Сироткину Маму, которую никто и никогда не называл по имени, а звучало оно как миссис Дженнингс, хотя «миссис» было чистой формальностью или любезностью, поскольку эта уважаемая женщина и дня не была замужем, саму, как гласит история, обнаружили в корзинке, оставленной однажды снежной ночью у порога «Святой Марты», и, пройдя путь от простого подкидыша-сироты до матери всех сироток, лучше кого бы то ни было знала, что ждет впереди ее подопечных, каким образом их следует воспитывать и от чего оберегать, хотя из ее грудей не упало и капли материнского молока. Она не только дарила нам свое тепло, готовила нам или по крайней мере следила, как для нас готовили, не только с присущей ей благожелательностью заправляла всем происходящим в «Святой Марте», но и лично давала имя каждой новой девочке, которая с того момента и навсегда становилась дочерью этого дома, хотя бывали, разумеется, и исключения. Она любила замысловатые имена и любила сам процесс наречения ими, так что в мои дни у нас были Мойра Мойлан и Финнула Маллой, Шивон Брегени и Молли О'Малли и Дервла О’Шэннон, то есть я, хотя с самого начала, как я уже говорила, ко мне прилепилось прозвище Осотка. Матушка выбирала нам имена так, словно была ходячим справочником наиболее цветистых имен, что когда-либо носили рыжеволосые женщины Ирландии. А рыжеволосые среди нас были – палитра их рыжины варьировалась от недозрелой земляники до темных тонов кровоточащей раны, были девочки и слегка веснушчатые, и сплошь покрытые веснушками, но, к сожалению, я ни к одной из этих групп не относилась: у меня были тусклые темно-каштановые волосы, и не единой веснушки ни на щеках, ни на плоской груди. Иногда мне ужасно хотелось, чтобы меня называли моим официальным именем, я просто млела, когда слышала, как оно звучит: Дервла – вот кто я такая, ни более, ни менее.
Как-то раз, проходя мимо комнат Сироткиной Мамы, я обнаружила, что дверь приоткрыта, а за нею царит такая тишина, будто наступил конец света. И тут я увидела женщину, нашу единственную и неповторимую матушку, которая, обхватив маленькую Мойру Мойлан за талию и задрав ей юбчонку, прутиком хлестала по крохотной попке, не произнося при этом ни звука, как я уже сказала.
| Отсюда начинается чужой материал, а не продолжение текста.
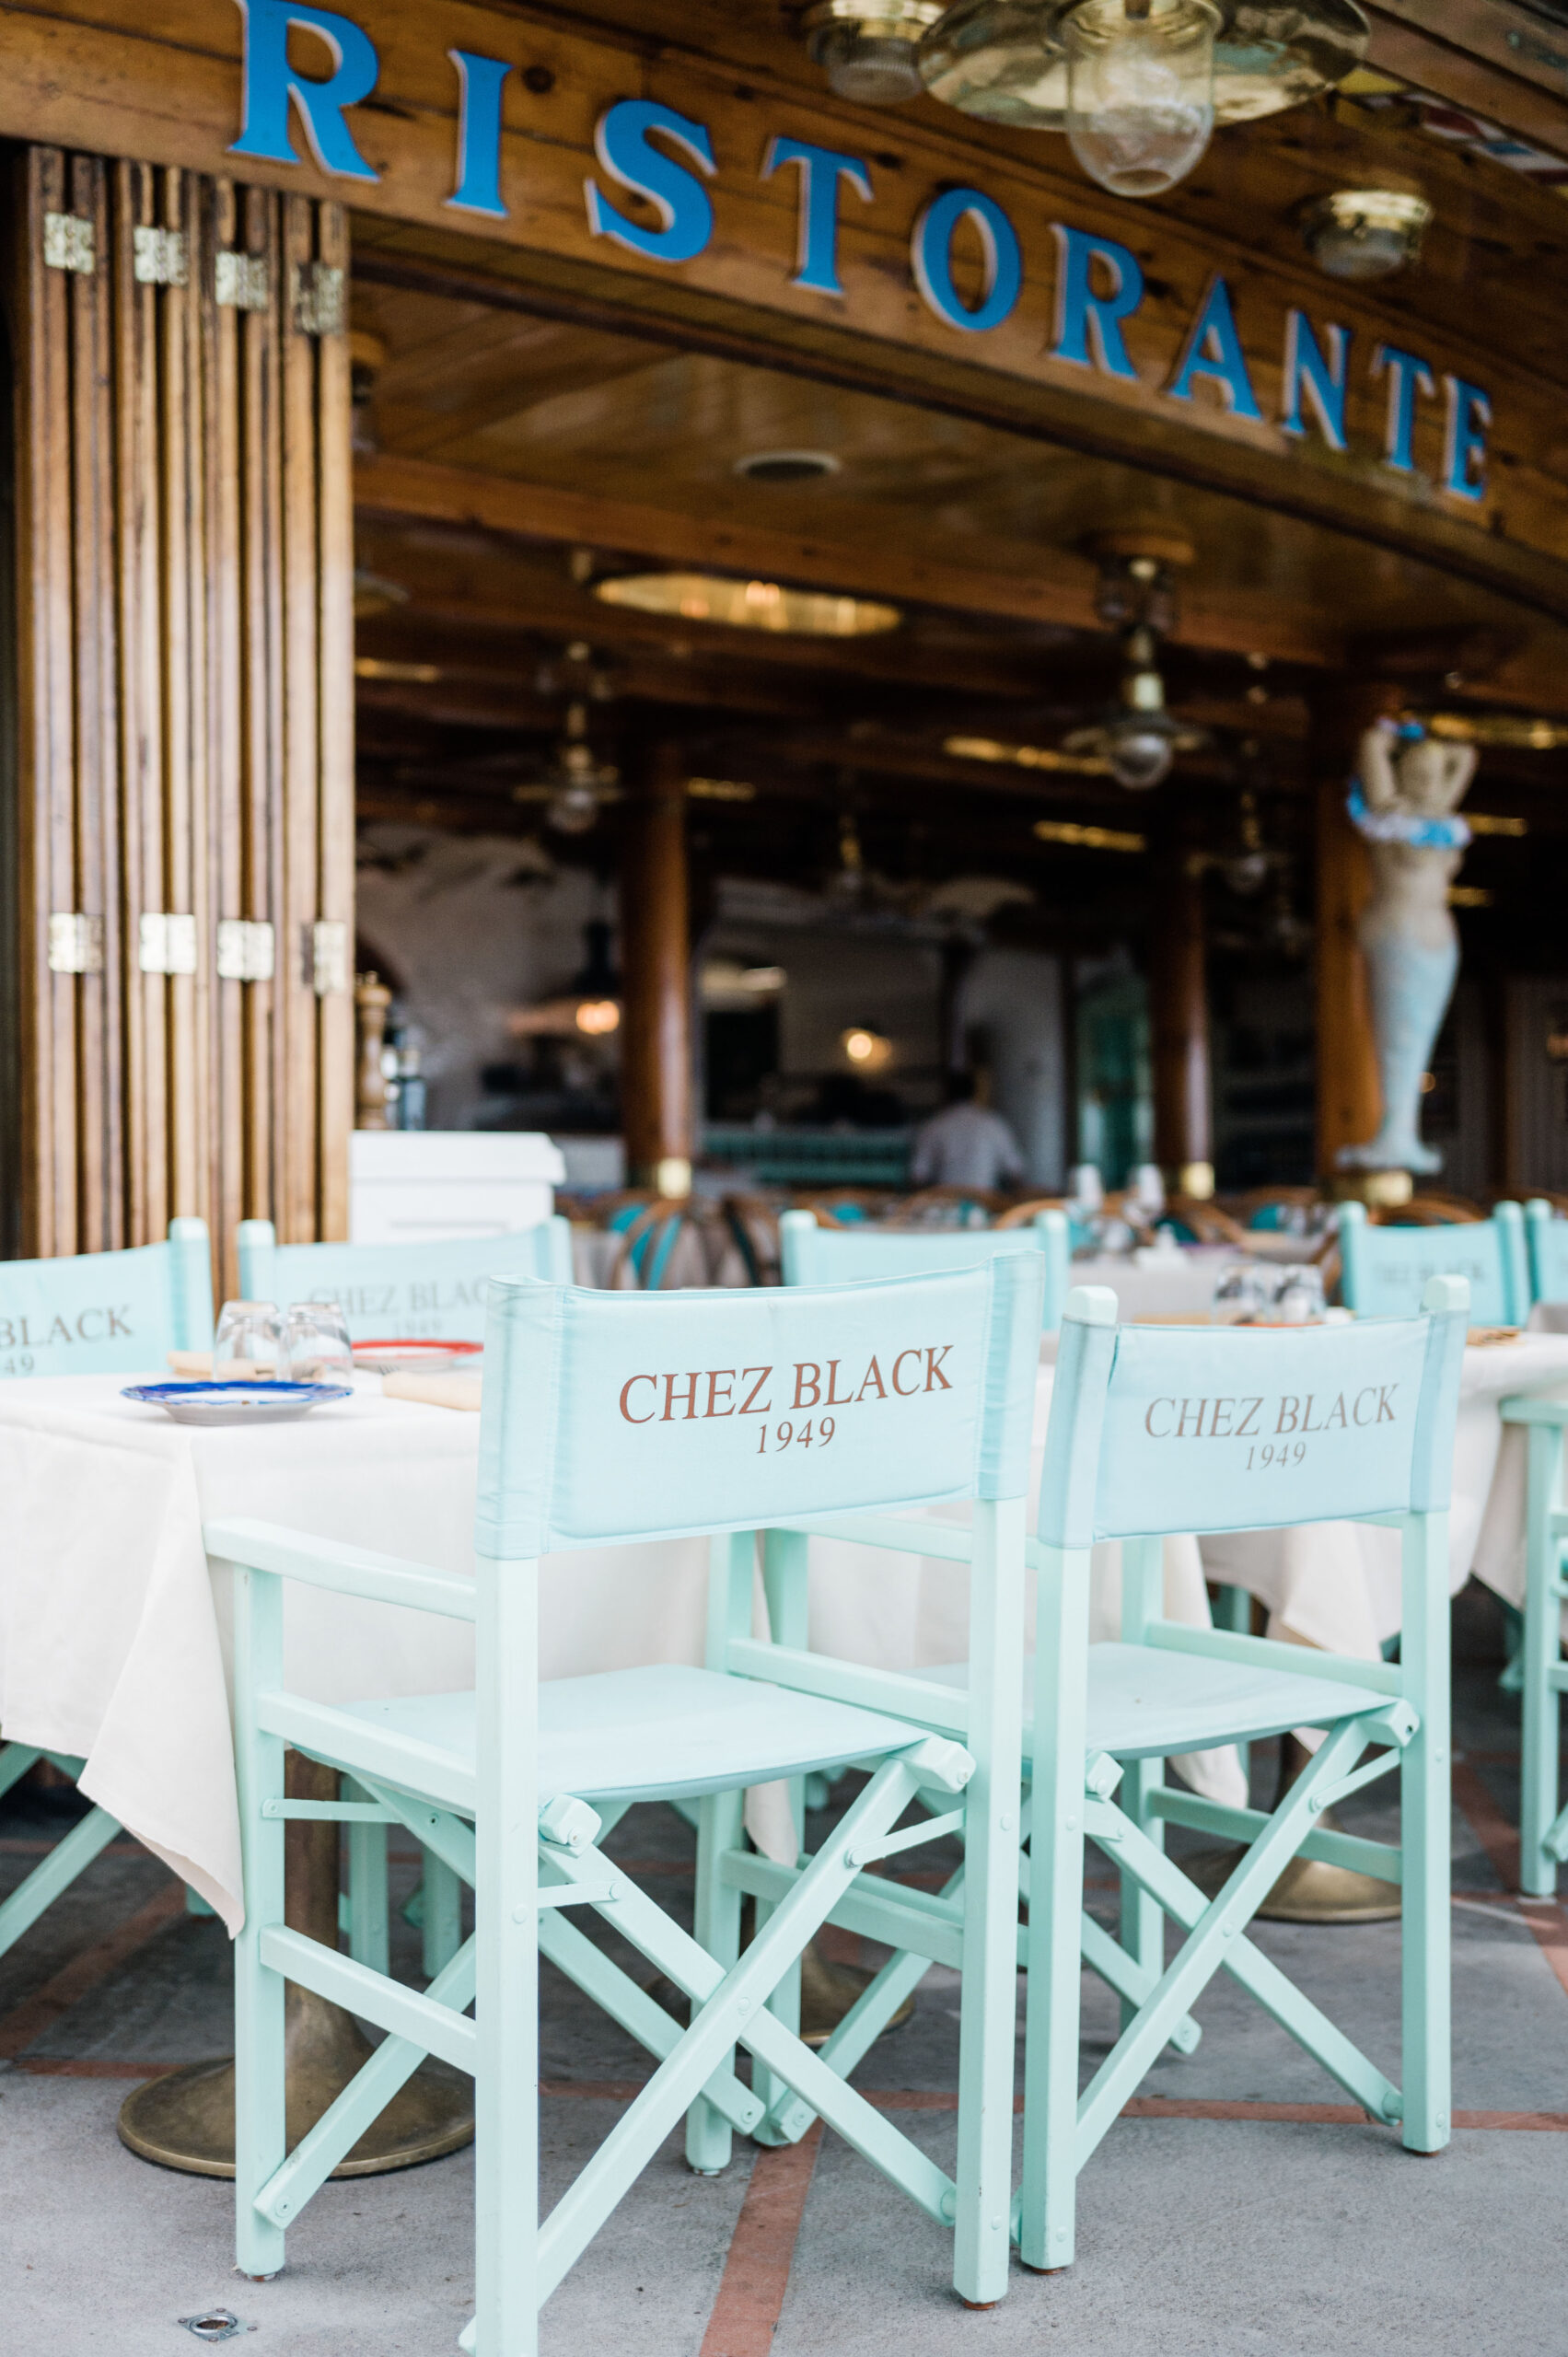 View of the chairs at Chex Black, tiffany blue with Chez Black in gold letters

Я, конечно, остановилась, а Сироткина Мама взглянула на меня и улыбнулась, не прерывая порки:
Я застала ее, когда она рылась в моих вещах, дорогая. А мы такого допустить не можем, верно?
Не следует забывать, что Сироткина Мама работала для нас и с нами – поддерживала порядок среди своих тридцати с лишком дочерей, как она звала нас, и надзирала за швеей из Каррикфергуса, вдовой, которая шила вручную темно-синие платья – привычную униформу «Святой Марты», лишь трех стандартных размеров, нимало не сообразуясь с нашими нуждами.